İstanbul hava kirliliğinden kurtuldu
İstanbul’un tamamının doğalgaza kavuştuğunu hatırlatan Milletvekili Eroğlu, “Sayın Cumhurbaşkanımız 27 Mart 1994 tarihinde seçimleri kazanarak İstanbul Büyükşehir Belediye Başkanı seçilmesiyle birlikte beni de İSKİ Genel Müdürü olarak vazifelendirdi. Sayın Cumhurbaşkanımızın Belediye Başkanı seçilmesiyle birlikte özellikle çevre alanında muazzam yatırımlar bir bir hizmete alınmaya başladı. Avrupa ve Anadolu Yakasında 2 adet katı atık düzenli depolama sahası kuruldu ve çöplerin düzenli olarak toplanması sağlandı. Atıkların geri kazanımına önem verildi ve atıktan gübre üreten kompost tesisleri kuruldu. Tıbbi atıkların sağlıklı bertarafı için de yakma tesisi kuruldu. Çöp gazından ilk defa elektrik üretildi. Hava kirliliğinin önlenmesi için kaliteli olmayan kömürlerin şehre girişi yasaklandı. Kömür, torbaya sokularak denetim altına alındı. Hava kirliliğine köklü çözüm için doğalgaza ağırlık verildi ve kısa sürede şehrin tamamı doğalgaza kavuştu.Kokudan geçilemeyen, hiçbir canlının yaşayamadığı ve adeta balçık haline gelen Haliç pırıl pırıl hale getirildi. İSKİ, Kuzey ve Güney Haliç Projelerini tatbik ederek Haliç’e deşarj edilen atıksuları kesti.
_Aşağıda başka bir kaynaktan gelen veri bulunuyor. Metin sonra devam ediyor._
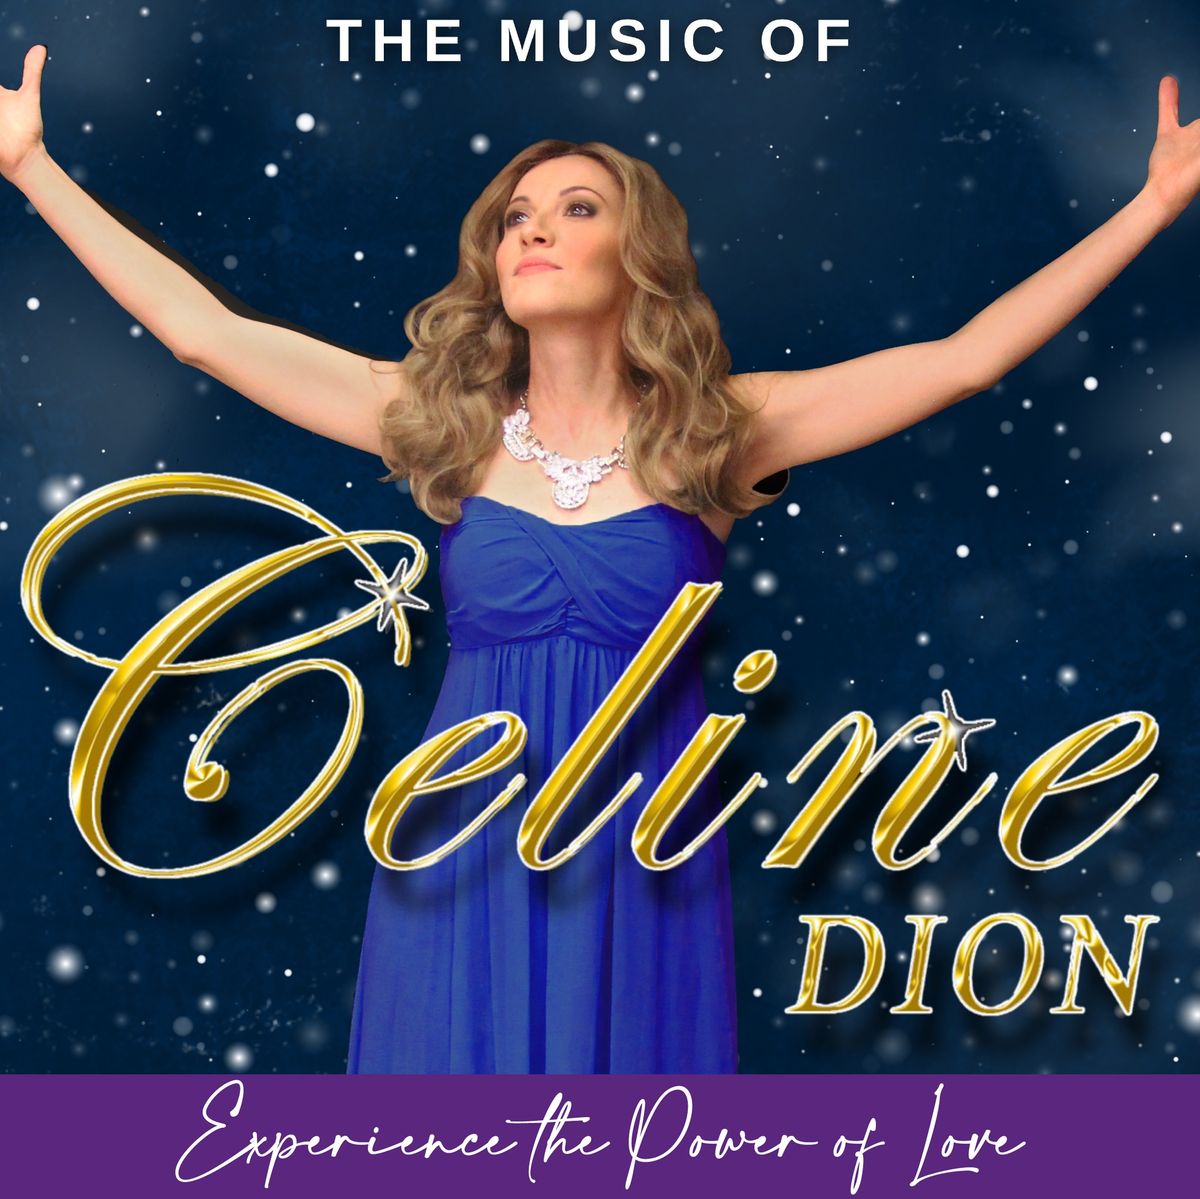 The Music of CELINE DION - Experience the power of love 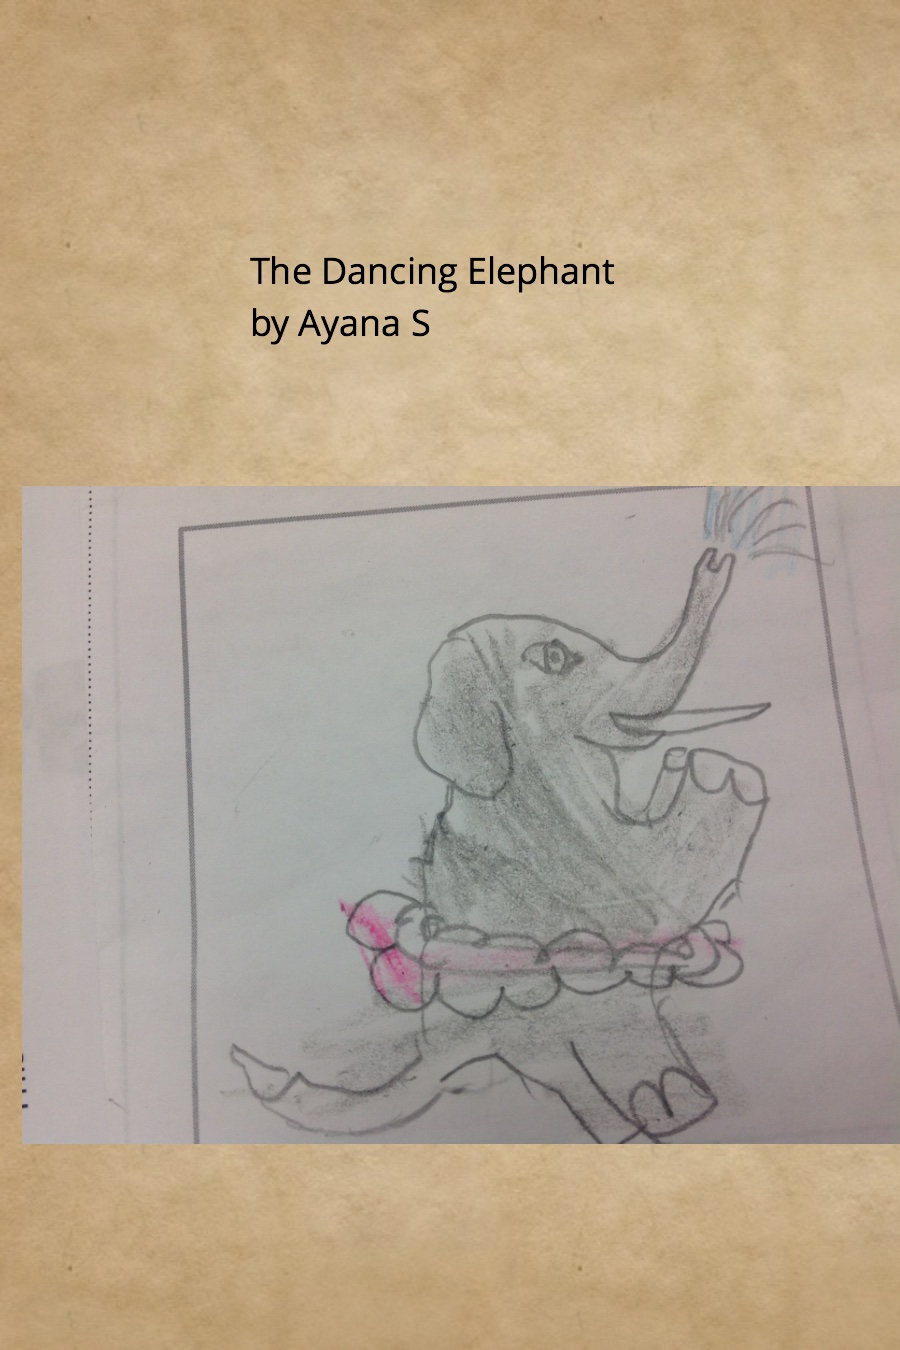 The Dancing Elephant by Ayana S

Ardından İBB, Haliç’in dibindeki birikmiş 5 milyon m3 çamuru özel bir usulle temizleyerek Alibeyköy’deki taş ocağına bastı. Adına yaraşır hale getirilen Haliç tekrar Altın Boynuz oldu. Haliç Projemiz Dünya metropol belediyelerin çevre projeleri arasında birincilik ödülü aldı. Kısa bir zaman sonra, Haliç’te 48 tür balık ve su canlısı yaşamaya başladı” dedi.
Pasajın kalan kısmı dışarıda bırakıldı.